We do get those types of return because we are a small boutique firm. WE handle every aspect our selves. We are Americans,we live here in the states. We are the ones picking the tenants, cherry picking properties at foreclosure sales, etc. We have a lot more control over the entire process since we are here. We get properties at far far below market value and then even with the extra equity put in both in cash and sweat, our prices still are at or below market value. I think we have an edge because we are here. If I was shopping for a home in Australia, I would at a disadvantage or someone who is located there. Just my 2 cents. Personally,I am getting tired of this particular thread, Florida , Atlanta, And Texas are great places too. I was just disagreeing with you a little on Detroit. Anyways, have a nice day…
Hi
Yes we have an office on the ground in Detroit. There is both higher risk and reward in Detroit. Many of our clients have paid of their investments in 5 years doubling their equity.We manage our properties and hand pick stable responsible tenants. You have to be hands on, especially in Detroit. We buy properties, rehab them, and then get tenants for them before we sell them to the public.
Again answering the question, why would you buy in a 'second rate market' its about returns. We average about 22% net returns. Our clients are putting more cash in the pockets from day one. Dont' get me wrong, we are in Atlanta, Florida, Dallas, and Houston too. But the winner as far as highest returns on investment if Detroit. I know its not the sexy choice but the numbers don't lie.
Thanks'
Josh
I will agree with you in so far as to never invest in something that you do not understand, that by the way is Warren Buffett's motto. Texas and Florida are definitely good markets, I'd throw in Atlanta. What makes these appealing is that there is a migration of people moving from the North to the South. As the population ages and there are many baby boomers hiting retirement age, many are migrating South for retirement. When you combine this with the large numbers of young people moving south to places like Texas where there has been an employment boom, the South looks very appealing.
But, Detroit is nice due to low cost of entry price points. When you throw section8 ( government financed rent), it makes it even more appealing. While you may not see a great rise in valuations, you can still find excellent cash flow and very low cap rates.
Hi Nigel
I know Detroit is definitely not a sexy place. But the fact remains that people need a place to live even in Detroit. The US government is willing to subsidize apartments for the poor. The houses are dirt cheap, but the income is guaranteed by Uncle Sam. As long as, you have good tenants, things will go very well. This applies to IP in general, you need to have good tenants. With my company, we personally handpick our tenants so it is very stable. Our investors buy homes that pay for themselves within 3 to 5 years. After that all those profits are going directly into their pockets. How can this be a bad thing? If you are looking to buy and flip Detroit is not going to be for you, but if you want an extremely inexpensive price point to enter into the IP world with an incredible ROI, Detroit should be considered.

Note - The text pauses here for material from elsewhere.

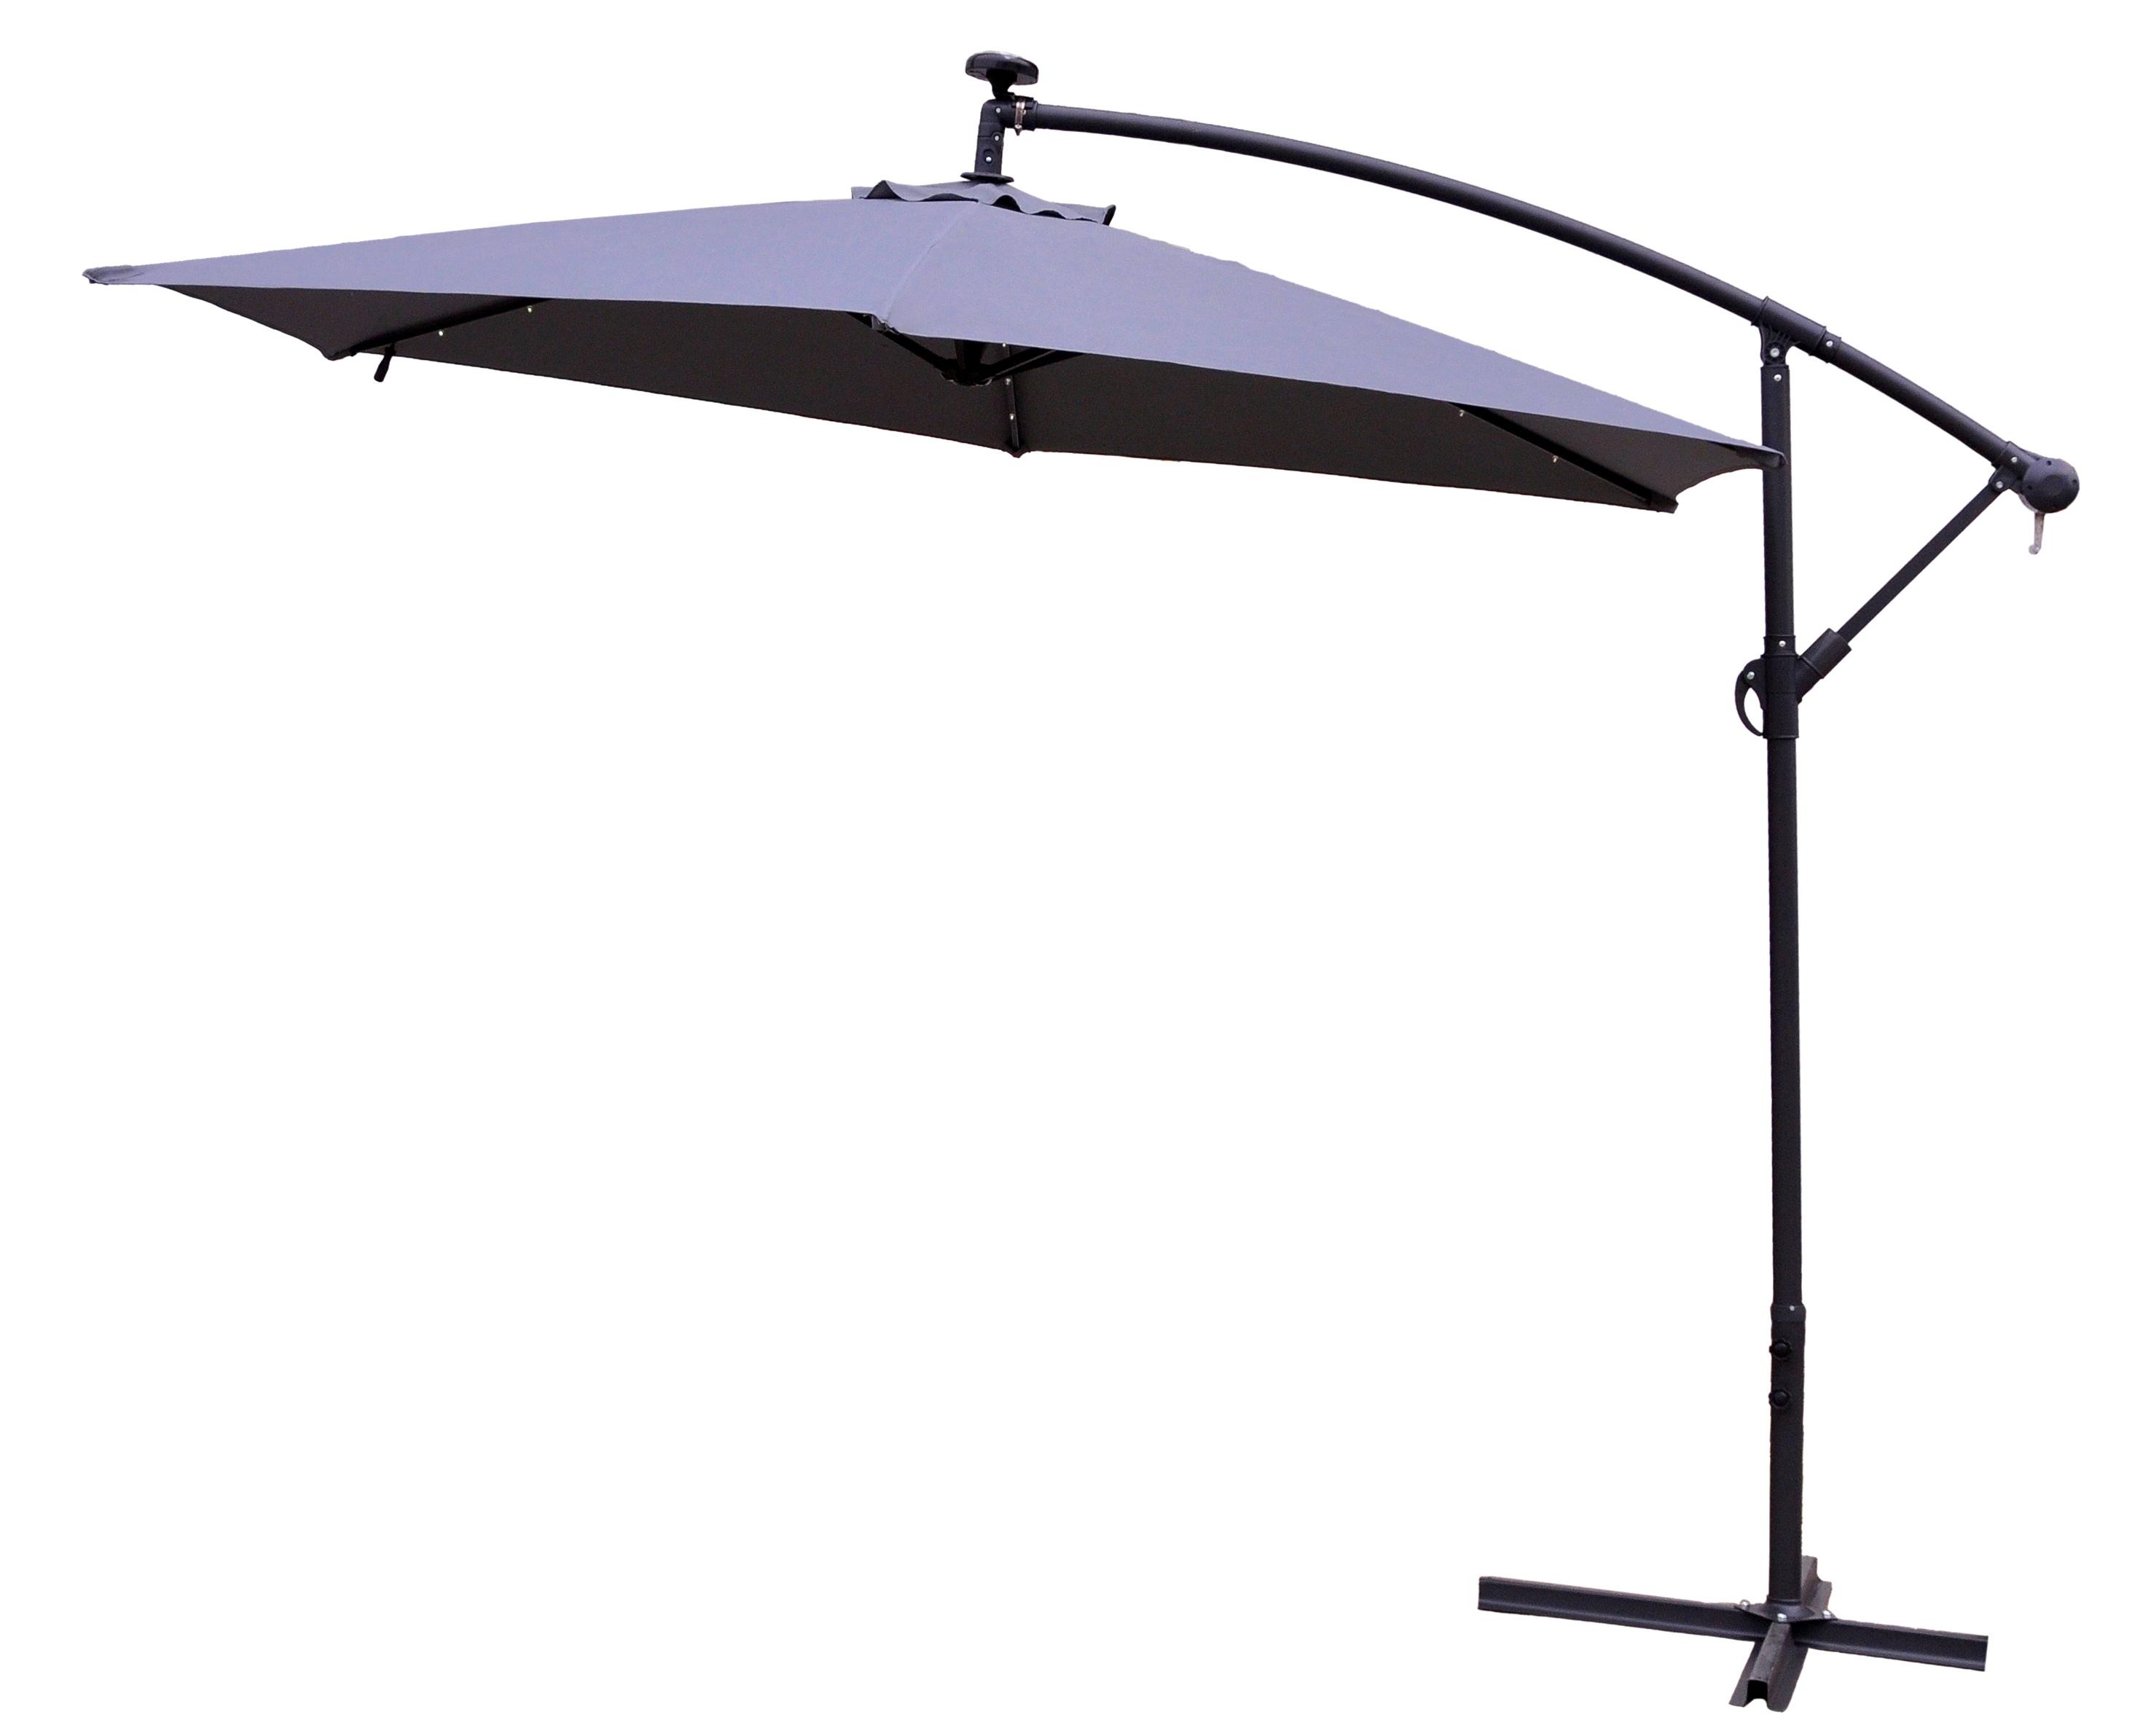 Aga Zahradní slunečník EXCLUSIV LED 300 cm Dark Grey
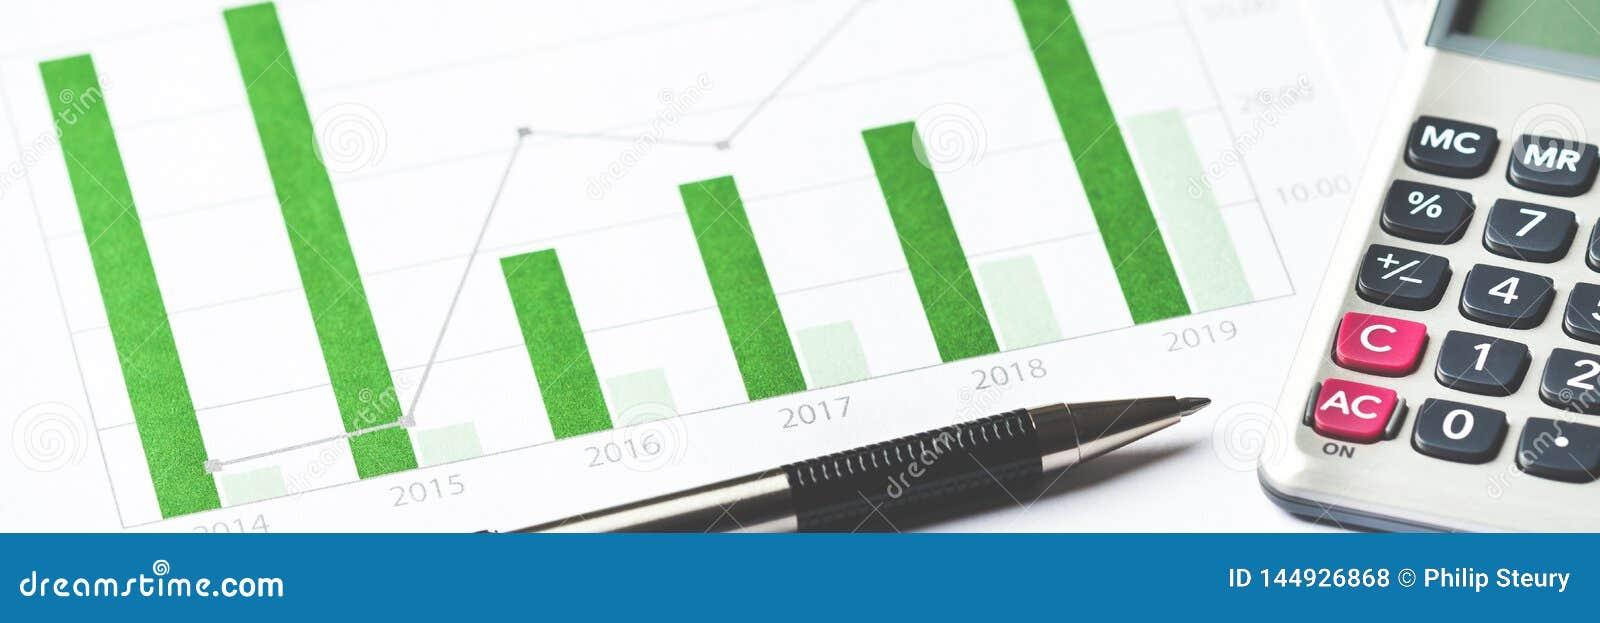 Bedrijfs grafiek die financieel succes toont

The property market has definitely stabilized. I am here in the US. I have seen the prices drop by 40% from the top of the bubble in '07.
There is still some excess inventory that is laying around, but this has been due to a couple of factors.
- The banks have been slow to lend in the current environment. They are sitting on their cash.
- There have been both institutional and governmental policies delaying the foreclosure process.
The sad fact is that in the regulatory environment before the RE market crashed banking institutions were pushed to make these types of loans to unqualified buyers. These people should never have had loans in the first place. All this bloat needs to be cleared of the table. That being said, prices have stabilized and excess inventory is being cleared away. The US is a large diverse market with different regions and economic circumstances. Some areas are rebounding faster than others.
This is where the great opportunity lies, in getting into markets slightly ahead of the curve. When people lose their homes to foreclosure, they become renters. Rental income property is always going to be a tremendous opportunity.